Automobile companies – Honda and Toyota were best positioned to sell cars in
a carbon-constrained economy because they had a competitive advantage on a
warming planet as their fleets were fuel efficient and ahead of their rivals in
commercializing new technology. Agri–heavyweight Cargill became McDonald’s
greenest supplier by installing anaerobic reactors at its meat and pork
processing plant. Ambuja Cement was India’s first water-positive company
through regular water audits, dry process technology, rainwater harvesting,
and arresting wastages. Apple’s circular economy policy is worth mentioning.

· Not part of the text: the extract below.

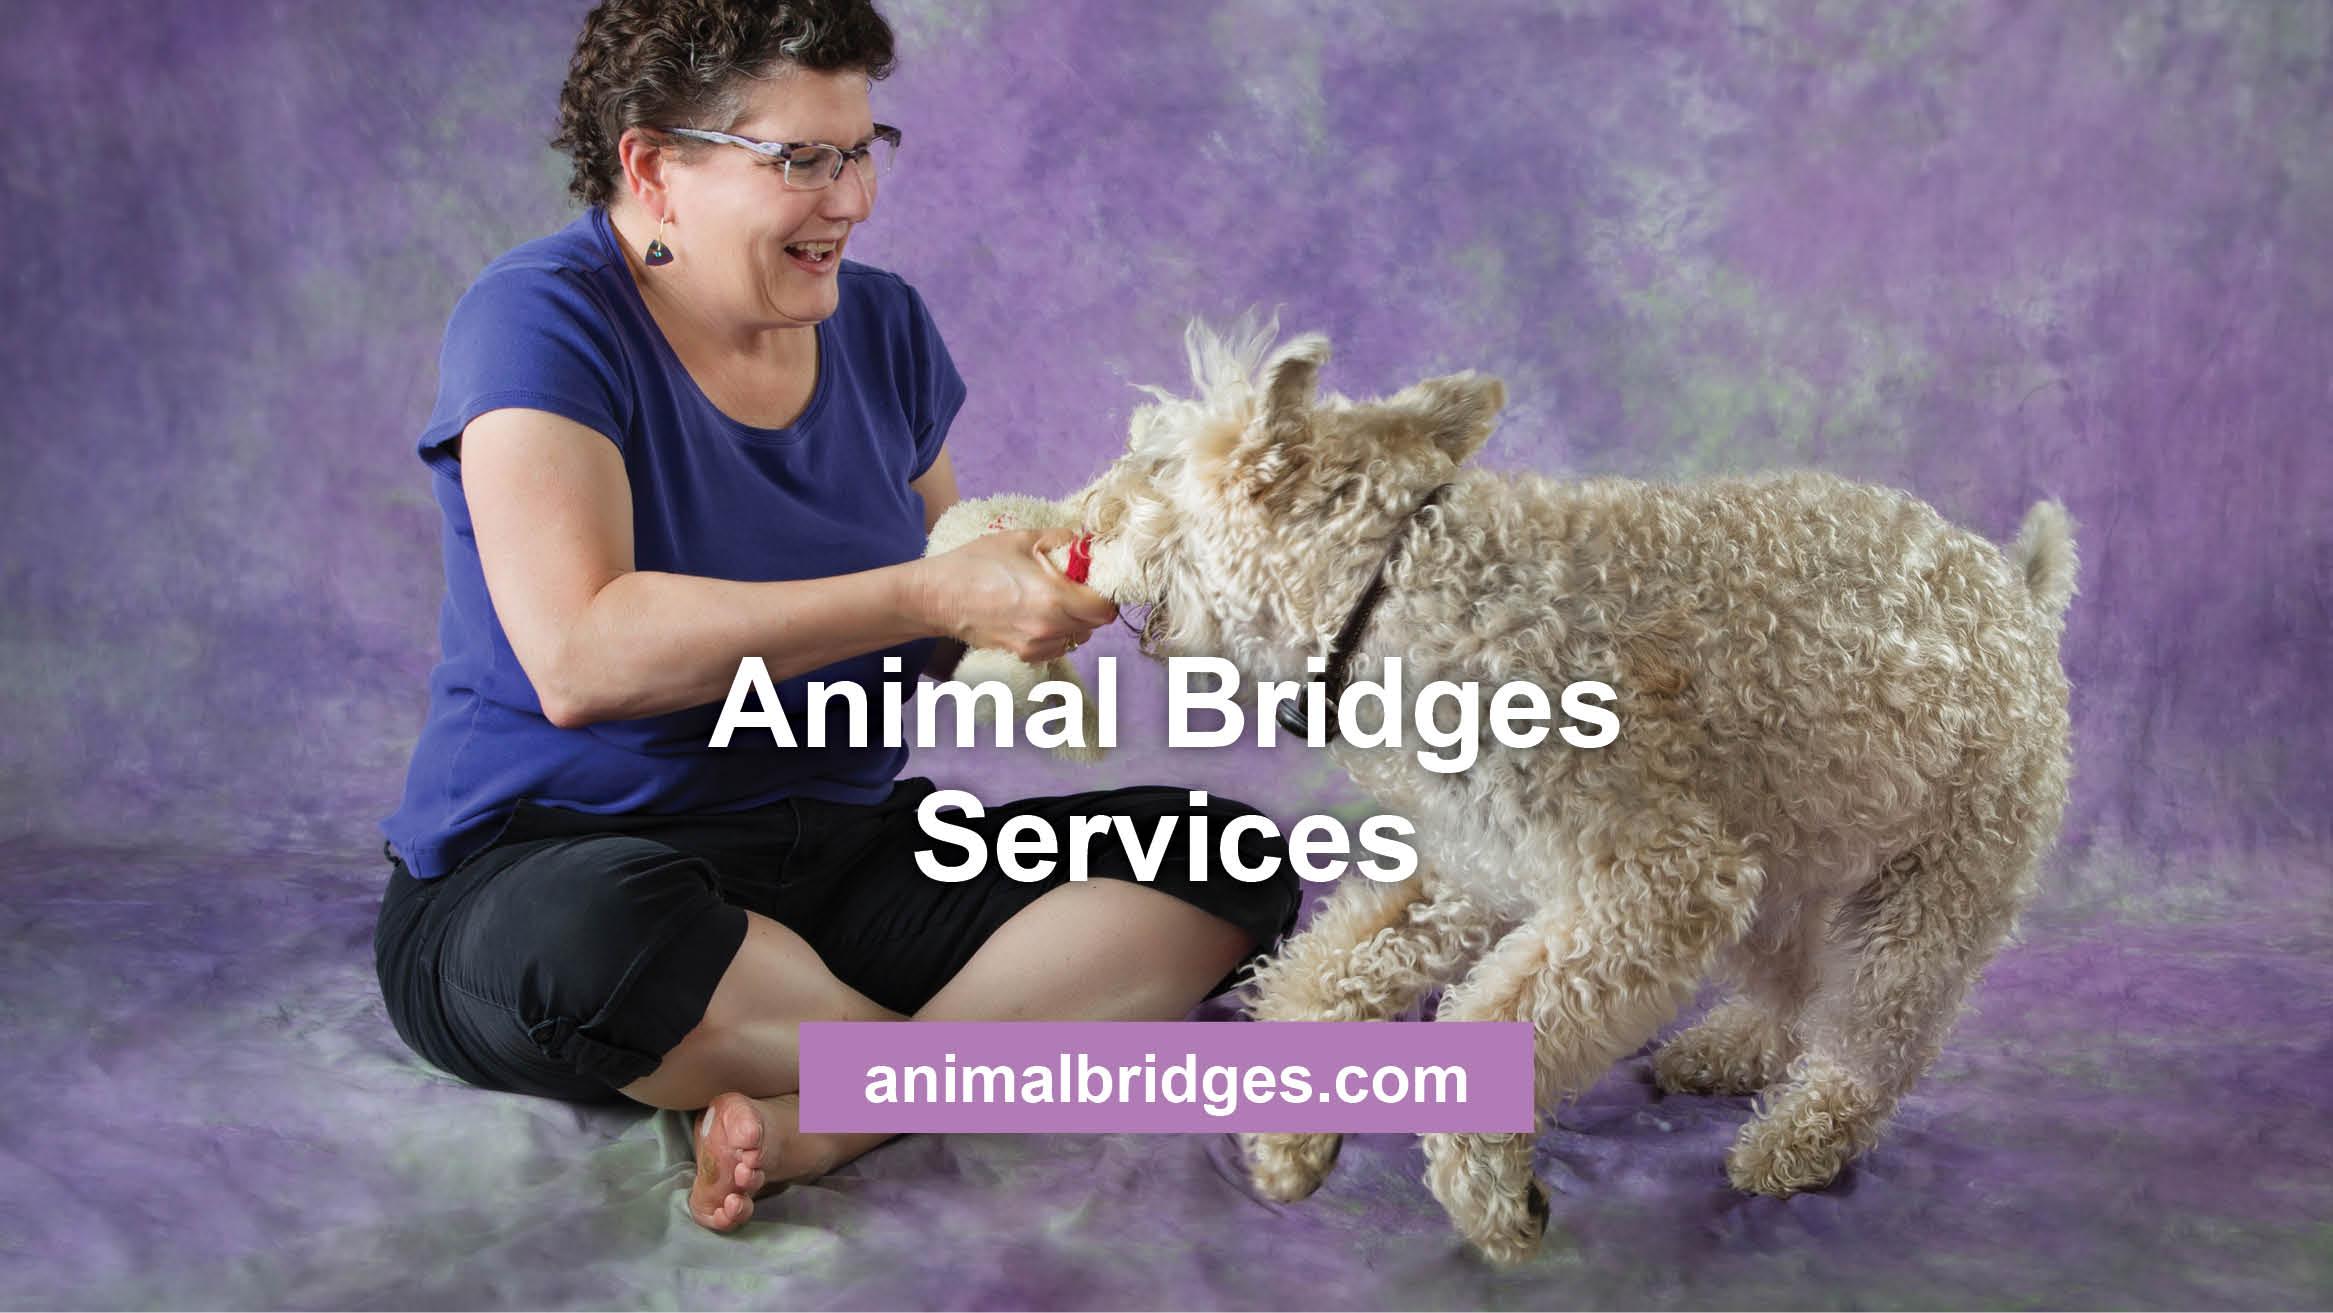 animal-bridges-services

Patagonia’s innovative way – of making consumers smarter in their purchasing
decisions to decrease the impact of consumerism, its initiative of dedicating 1%
of sales or 10 % of profits – whichever is greater – to the environment way back
in 1986 is an inspirational success story of a small business punching above its
weight.
Corporate Social Responsibility had its precursors in business engaging in
philanthropy and charitable giving. As the idea of ‘corporate citizenship’ began
to gain traction, the social and ethical responsibility of corporations was the
area of focus to give back to society from profits is earned, also making the
consumers more conscious of the activities of these businesses. In India, this is
codified in Section 135 of the Companies Act, 2013 which mandates a company
of net worth of Rs 500 crore or more, a turnover of Rs 1000 crores or more, or
a net profit of 5 crore or more to spend 2% of its average net profit on activities
like – safeguarding environment, eradicating hunger, promoting health,
education, livelihood enhancement, social and gender equality etc. JSW Steel
at Vijayanagar is a perfect example to understand CSR – where it redefined
capitalism by integrating social and environmental challenges into its business
core and created an integrated value chain. Its journey started on barren land,
lacking key inputs and facing transport and logistic challenges. It incorporated
zero waste practice, designed a zero-water discharge setup, and extensive tree
plantation ( causing the local temperature to drop by 5 degrees). Realizing the
societal and economic benefits of investing in community development – it
promoted education through 40 schools, sports by sponsoring sports events,
vocational training ( reducing hiring costs from outside), women empowerment
through micro-entrepreneurship, providing affordable health care,
infrastructure development through road, drainage, toilets, garbage to
electricity initiative and agriculture and livestock health and productivity
initiatives in PPP model.
Corporations nowadays have moved a step ahead from CSR – by working on
shared value, where societal issues are approached from a value perspective.
Value is economic and societal benefits relative to cost. It positively impacts the
environment due to E, S, and G interlinkages.